It's not a stretch to say that New Journey Health Technology Group Co.,LTD's (SZSE:002219) price-to-sales (or "P/S") ratio of 2.3x right now seems quite "middle-of-the-road" for companies in the Healthcare industry in China, where the median P/S ratio is around 1.9x. Although, it's not wise to simply ignore the P/S without explanation as investors may be disregarding a distinct opportunity or a costly mistake.
What Does New Journey Health Technology GroupLTD's Recent Performance Look Like?
The revenue growth achieved at New Journey Health Technology GroupLTD over the last year would be more than acceptable for most companies. One possibility is that the P/S is moderate because investors think this respectable revenue growth might not be enough to outperform the broader industry in the near future. If you like the company, you'd be hoping this isn't the case so that you could potentially pick up some stock while it's not quite in favour.
We don't have analyst forecasts, but you can see how recent trends are setting up the company for the future by checking out our free report on New Journey Health Technology GroupLTD's earnings, revenue and cash flow.
Is There Some Revenue Growth Forecasted For New Journey Health Technology GroupLTD?
New Journey Health Technology GroupLTD's P/S ratio would be typical for a company that's only expected to deliver moderate growth, and importantly, perform in line with the industry.
Taking a look back first, we see that the company grew revenue by an impressive 15% last year. As a result, it also grew revenue by 24% in total over the last three years. Therefore, it's fair to say the revenue growth recently has been respectable for the company.
Comparing the recent medium-term revenue trends against the industry's one-year growth forecast of 17% shows it's noticeably less attractive.
With this in mind, we find it intriguing that New Journey Health Technology GroupLTD's P/S is comparable to that of its industry peers. Apparently many investors in the company are less bearish than recent times would indicate and aren't willing to let go of their stock right now. They may be setting themselves up for future disappointment if the P/S falls to levels more in line with recent growth rates.

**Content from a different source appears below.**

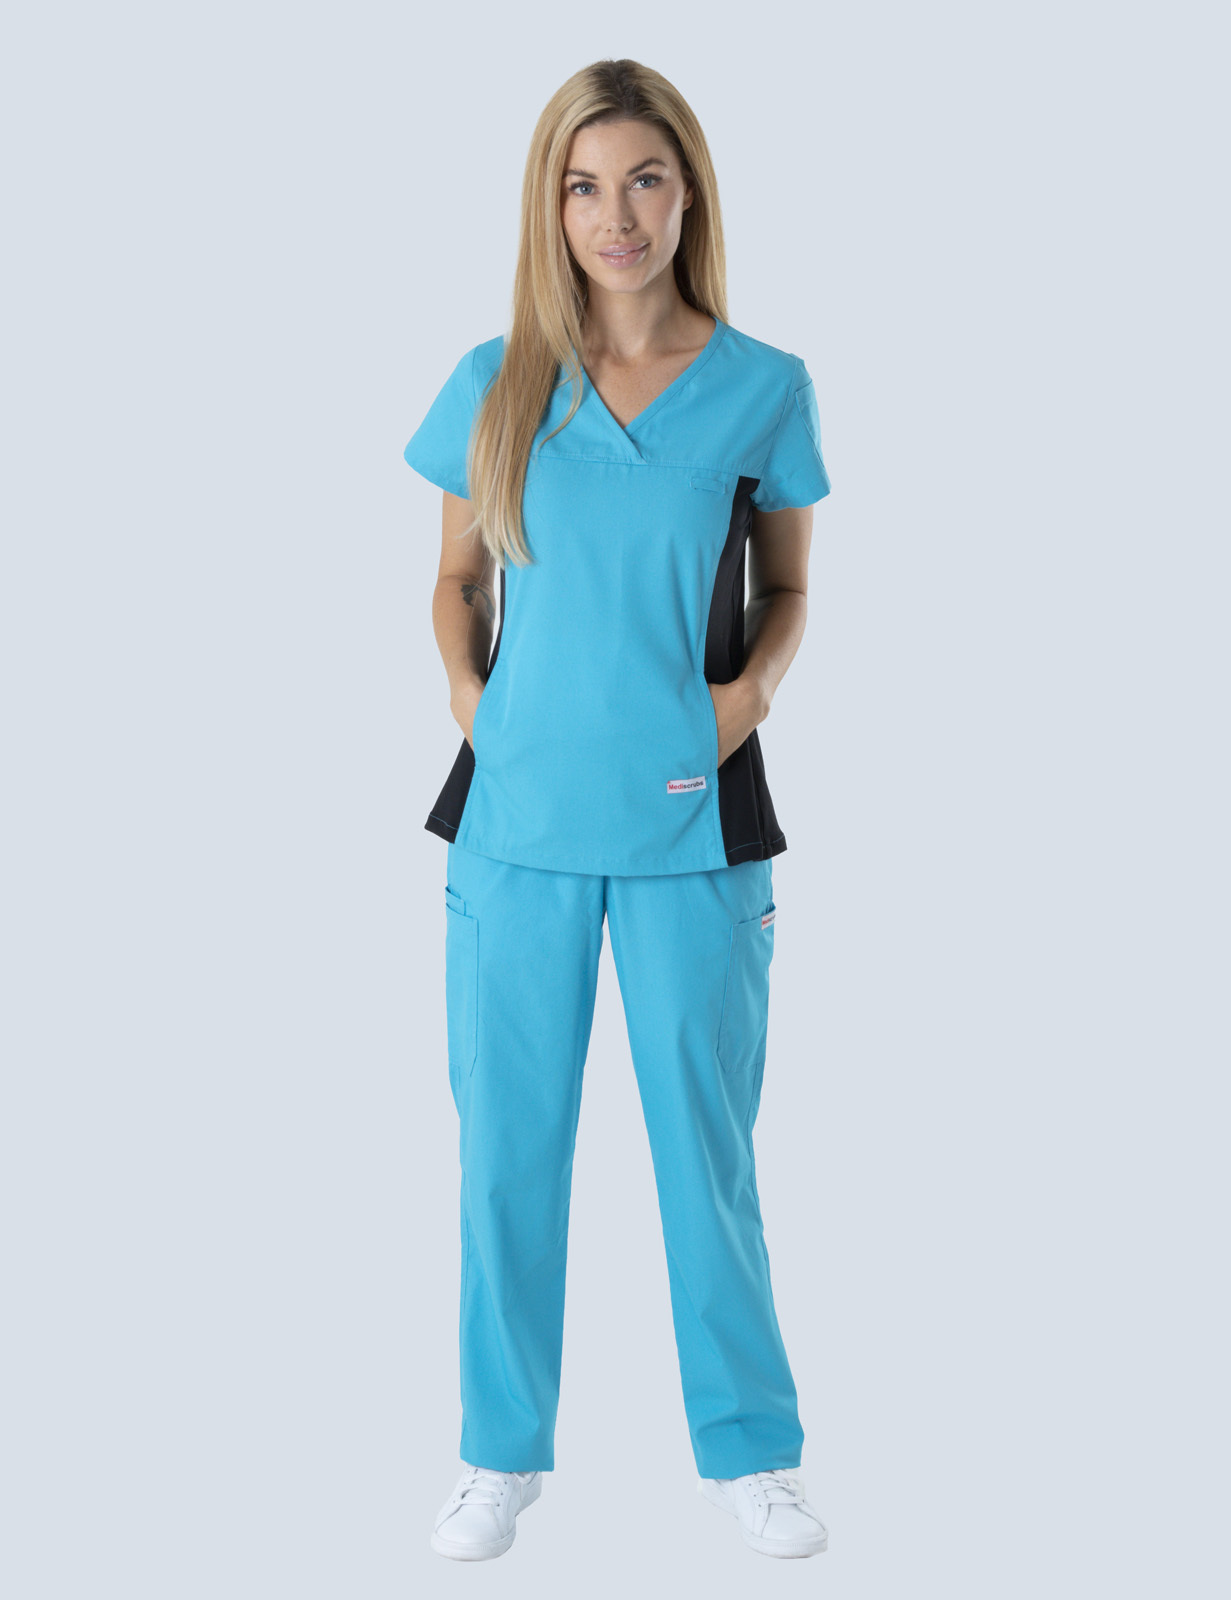 Women's Fit Solid Scrub Top With Spandex Panel - Aqua - 2X Large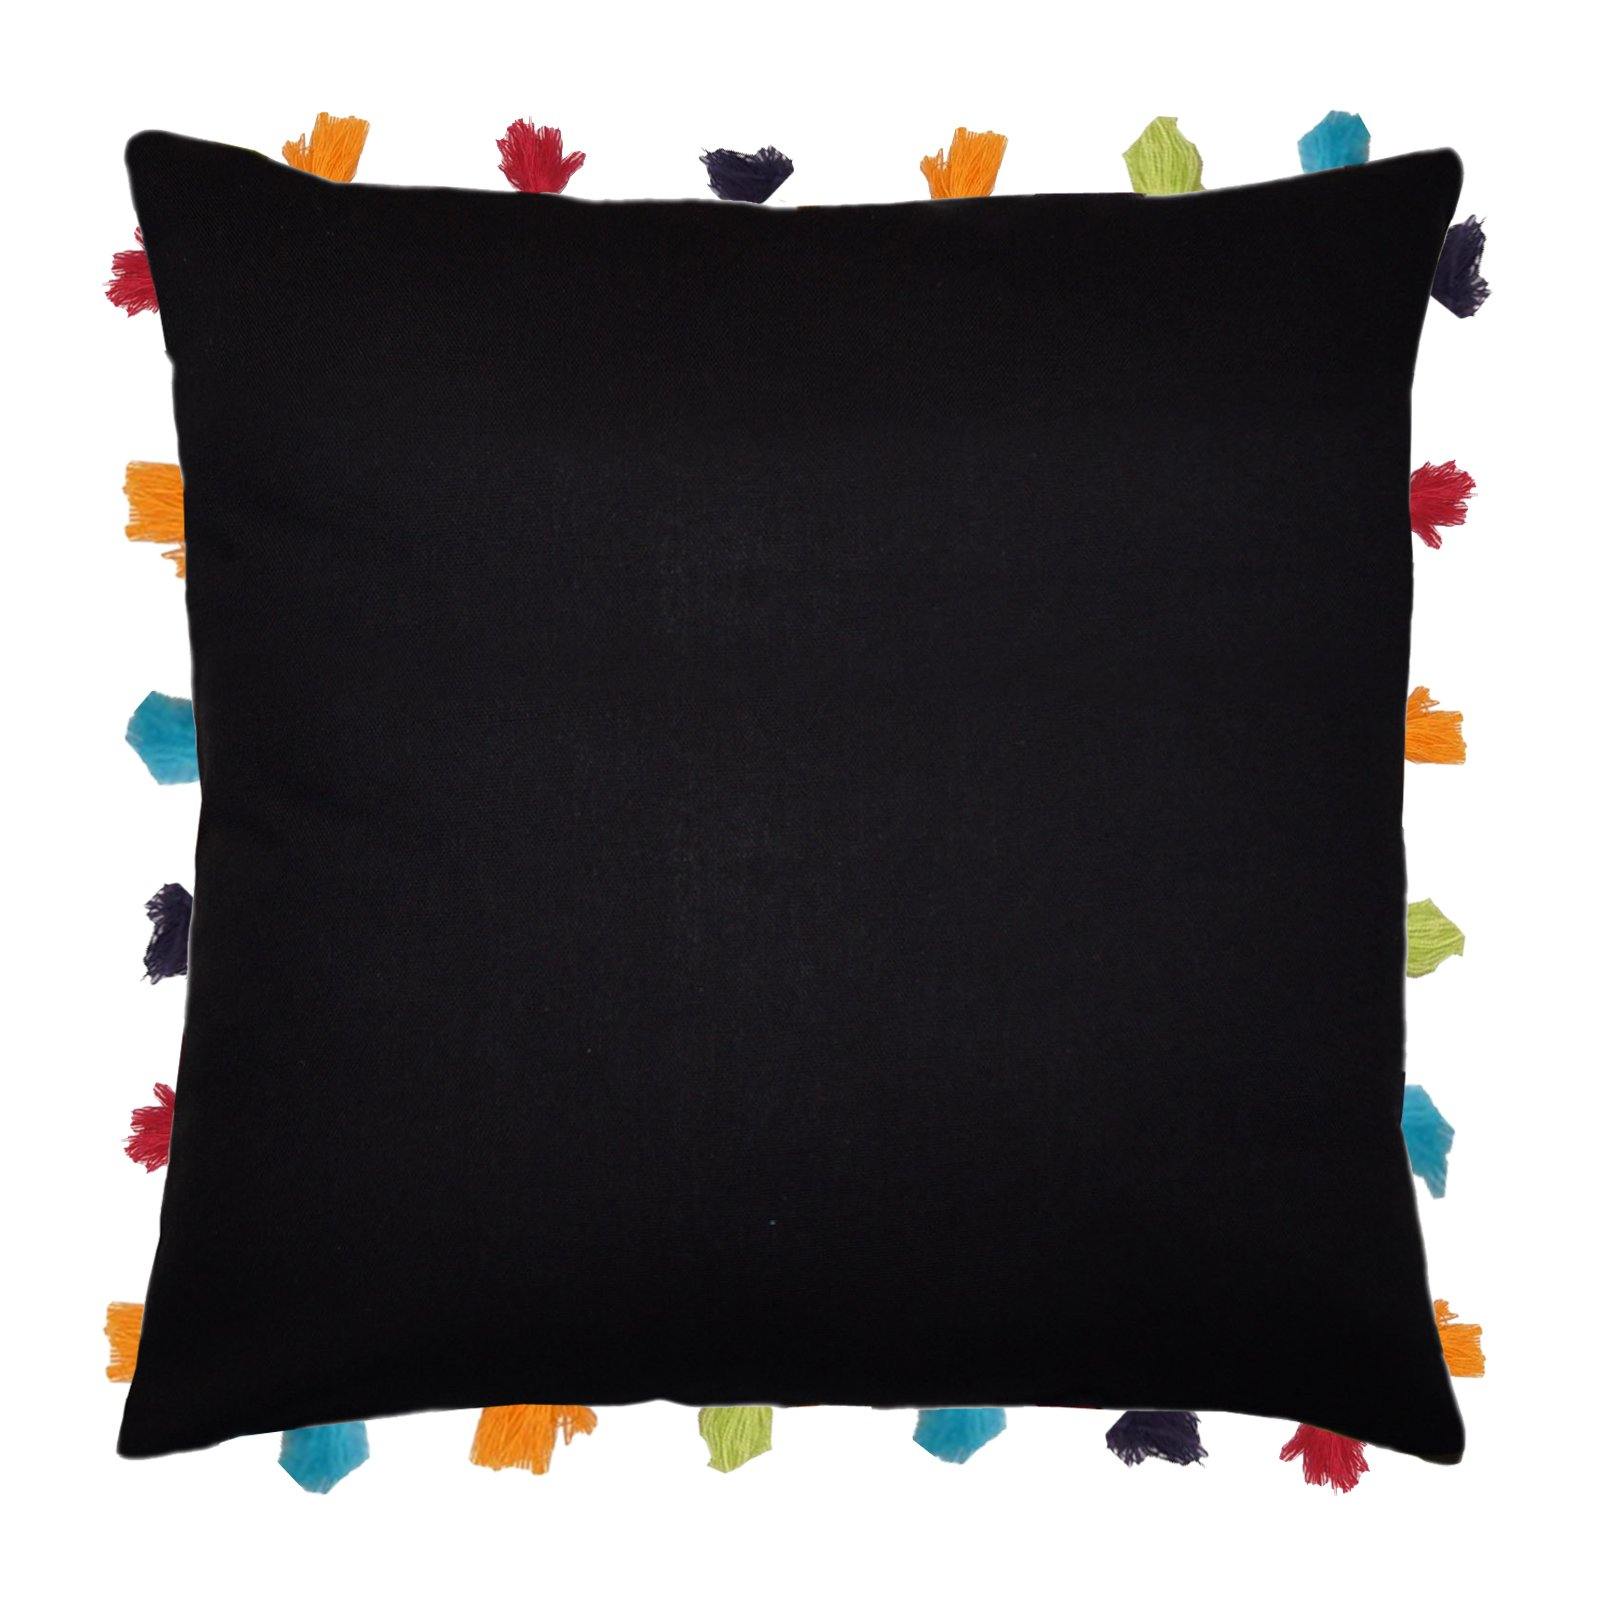 Lushomes Pirate Black Cushion Cover with Colorful tassels (Single pc, 18 x 18”) - Lushomes

The Bottom Line On New Journey Health Technology GroupLTD's P/S
Typically, we'd caution against reading too much into price-to-sales ratios when settling on investment decisions, though it can reveal plenty about what other market participants think about the company.
We've established that New Journey Health Technology GroupLTD's average P/S is a bit surprising since its recent three-year growth is lower than the wider industry forecast. When we see weak revenue with slower than industry growth, we suspect the share price is at risk of declining, bringing the P/S back in line with expectations. If recent medium-term revenue trends continue, the probability of a share price decline will become quite substantial, placing shareholders at risk.
You need to take note of risks, for example - New Journey Health Technology GroupLTD has 3 warning signs (and 1 which is a bit unpleasant) we think you should know about.
It's important to make sure you look for a great company, not just the first idea you come across. So if growing profitability aligns with your idea of a great company, take a peek at this free list of interesting companies with strong recent earnings growth (and a low P/E).